The wildlife and plant life we got to see at Tikal was awesome. We saw tarantulas scurrying about, toucans hanging out in the trees, giant pheasant-like birds, a pack of coatimundis, and plenty of other creatures flying or running about. One of the major highlights was to hear the howler monkeys really howling and growling in the dark on the way to watch the sunrise. They sounded like hungry and agitated jaguars, not like monkeys at all! It was kind of frightening, and definitely added to the mystique of the jungle before dawn!

The Long Wait Home

Because we did the Early Bird tour, we were wiped out by 10:00 a.m., and had to check out of our hotel room by 11:00 a.m. anyway. Unfortunately, because we didn't know how long we would need at Tikal, we had booked the last possible flight home which wasn't until 6:00 p.m. This left of 7 hours to kill. We spent a few unhurried hours eating an early lunch and playing more cards, and it took roughly an hour to return to the city of Flores where our flight was. We asked our airline, TACA (which we refer to as "Take A Chance Airlines" due to their propensity to lose luggage, cancel, and delay flights regularly), if we could take an earlier flight out. We were told it was booked, and we'd have to be on standby. Well, knowing airlines and the ability to squeeze 3 people in via standby, we decided to go find a place that would show the NCAA basketball games instead (which we never found). It turned out that there were, in fact, 3 open seats on the earlier flight, and we should have hung around after all. Then, after waiting for what seemed like an eternity (the entire weight of the week's worth of traveling was catching up to us all by now), we got to the airport only to find out our flight was delayed by another three hours. It was a death sentence! So, we returned to the air conditioned hotel lounge we had taken over all day and watched another movie and had another round of beers to drown our sleepy sorrows.
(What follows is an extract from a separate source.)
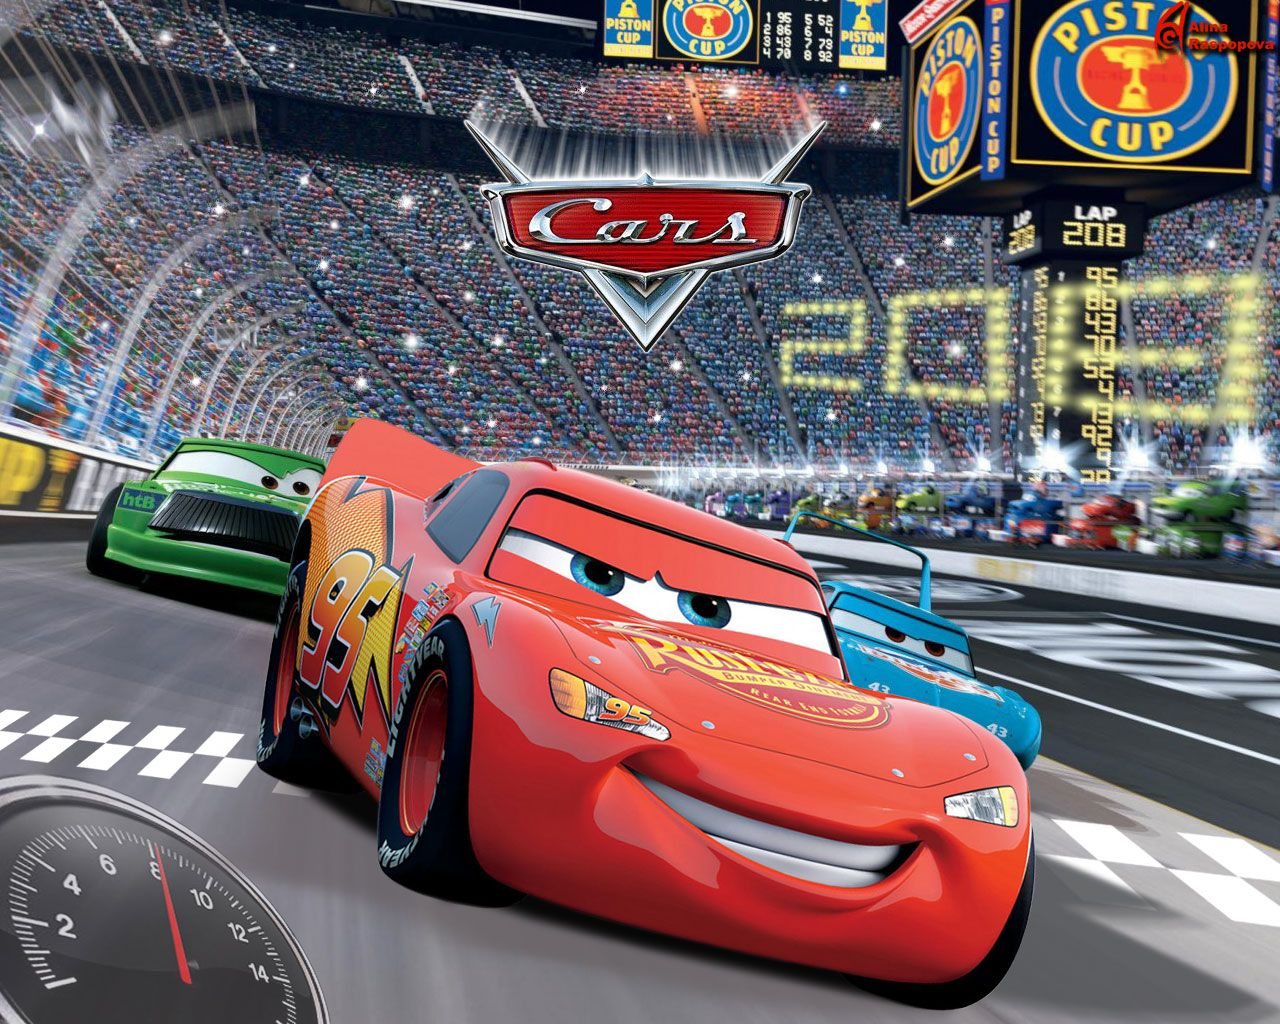 Disney Cars 2 HD Wallpaper For IPad Mini 3   Cartoons Wallpapers

However, the trip was definitely, definitely worth it! What a great adventure. Tikal is one of our favorite places in Guatemala, and certainly worth the time and money it takes to experience it.

4 comments:

Adam said...

I haven't read the post yet, but I award you .5 point for alliteration.

matt kirkland said...

OK, after all that time in Guatemala: now I'm jealous.

Anonymous said...

Hi, you guys! Travelling companion Steve (Dad) here. Great narrative about the trip, Beth.

If you want to have an excellent, exciting, well organized change of scenery, go visit James & Beth. Travelling with them is Super Easy. I was surprised that we had to leave!

kjl said...

Thanks for the great pictures and the great history lesson and the great story of your experience!! Wish we could visit!